Taking advantage of its high affinity for α-synuclein (Fodero-Tavoletti et al. 2009a), 11C-BF-227 has been used for the assessment of multiple system atrophy (MSA), a disease characterised by the glial accumulation of α-synuclein in the absence of Aβ plaques, showing a higher retention in MSA patients compared to age-matched controls (Kikuchi et al. 2010). Interestingly, while 11C-BF-227 retention in DLB patients was lower compared to AD in most cortical regions, DLB presented with significantly higher 11C-BF-227 retention in the amygdala (Furukawa et al. 2011).

In contrast to Aβ imaging, assessing the integrity of dopaminergic terminals via dopamine transporter (DAT) or vesicular monoamine transporter type 2 (VMAT2) imaging can robustly detect reductions of dopaminergic nigrostriatal afferents in DLB patients, assisting in the differential diagnosis from AD (O’Brien et al. 2004; Koeppe et al. 2008; Villemagne et al. 2012d).

Cortical Aβ is not usually present in cognitively intact Parkinson’s disease (PD) patients, and no significant 11C-PiB cortical retention is usually observed in these patients (Johansson et al. 2008). Aβ deposits, both vascular and parenchymal, are frequent, however, in PD patients who develop dementia (PDD) (Edison et al. 2008b; Gomperts et al. 2008; Maetzler et al. 2008, 2009; Burack et al. 2010; Foster et al. 2010; Kalaitzakis et al. 2011).

The contribution of Aβ to the development of Lewy body diseases remains unclear, but cortical Aβ deposits are associated with extensive α-synuclein lesions and higher levels of insoluble α-synuclein lesions (Pletnikova et al. 2005), as well as exacerbation of neuronal injury (Masliah et al. 2001). Furthermore, it has been shown that in PD, CSF Aβ is predictive of cognitive decline (Siderowf et al. 2010). Along these lines, while Aβ imaging cannot contribute to the differential diagnosis between AD and DLB, it may have prognostic relevance in these Lewy body diseases. For example, similar to what has been reported for PDD, where higher Αβ burden was associated with a shorter prodromal phase before dementia (Halliday et al. 2008), Αβ burden in DLB patients was inversely correlated with the interval from onset of cognitive impairment to the full development of the DLB phenotype (Rowe et al. 2007).

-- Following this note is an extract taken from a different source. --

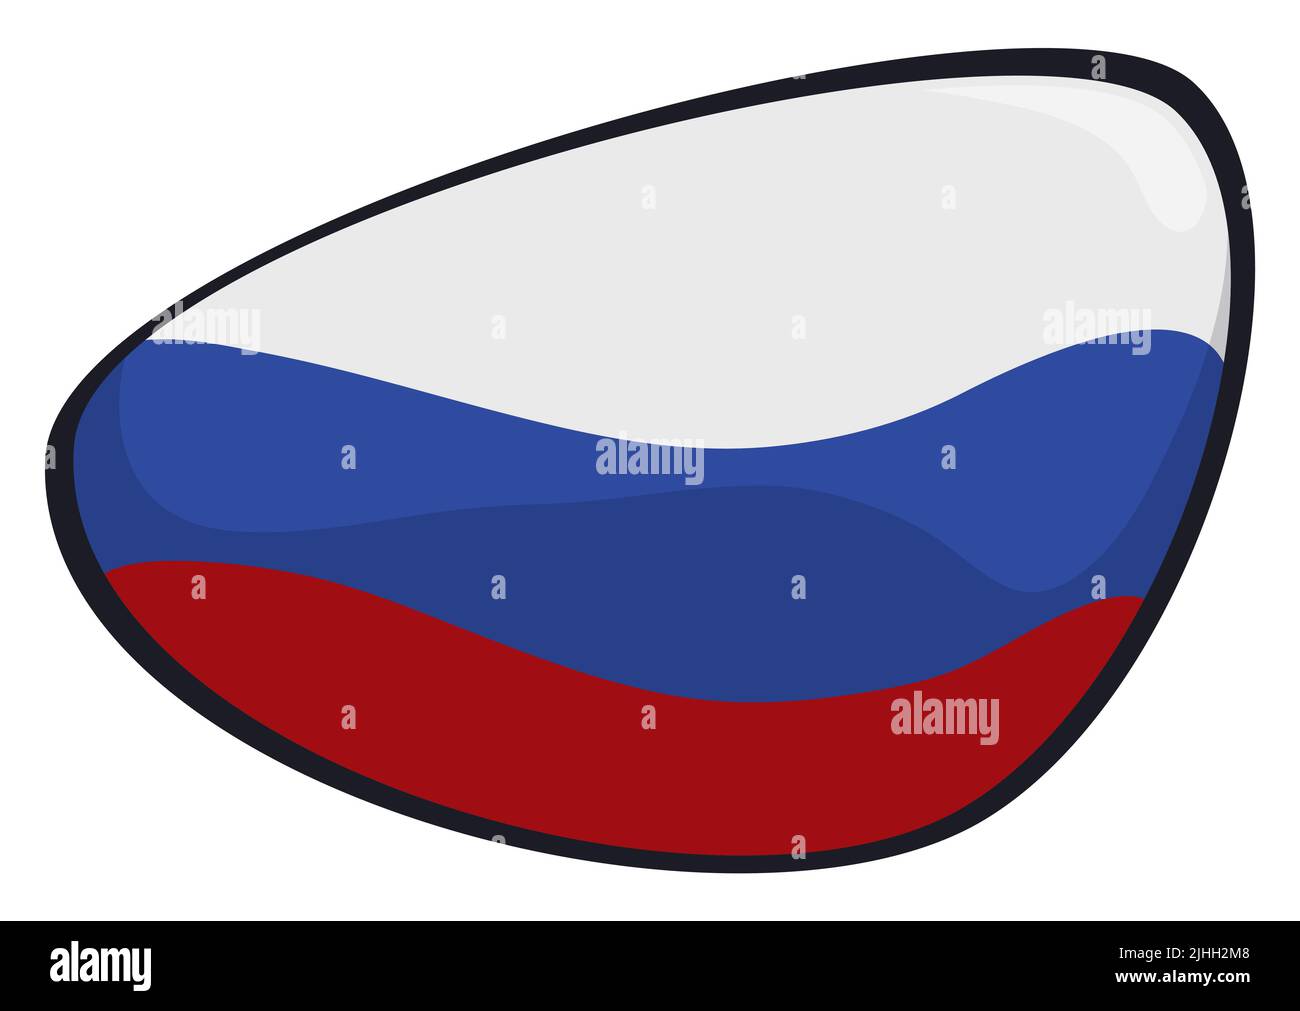 Template with irregular semi oval shape with Russian tricolor flag design inside of it. Stock Vector

8.3 Frontotemporal Lobar Degeneration

FTLD is a syndrome that can also be clinically difficult to distinguish from early-onset AD, especially at the initial stages of the disease. Based on clinical phenotype, FTLD has been categorised mainly into two classes: behavioural variant of FTLD (bvFTLD) with distinct changes in behaviour and personality with little effect on language functions and progressive aphasias (comprised by semantic dementia (SD), progressive non-fluent aphasia (PNFA) and logopenic aphasia (LPA)) showing progressive language deficits, with less obvious personality and behavioural changes (Rabinovici and Miller 2010).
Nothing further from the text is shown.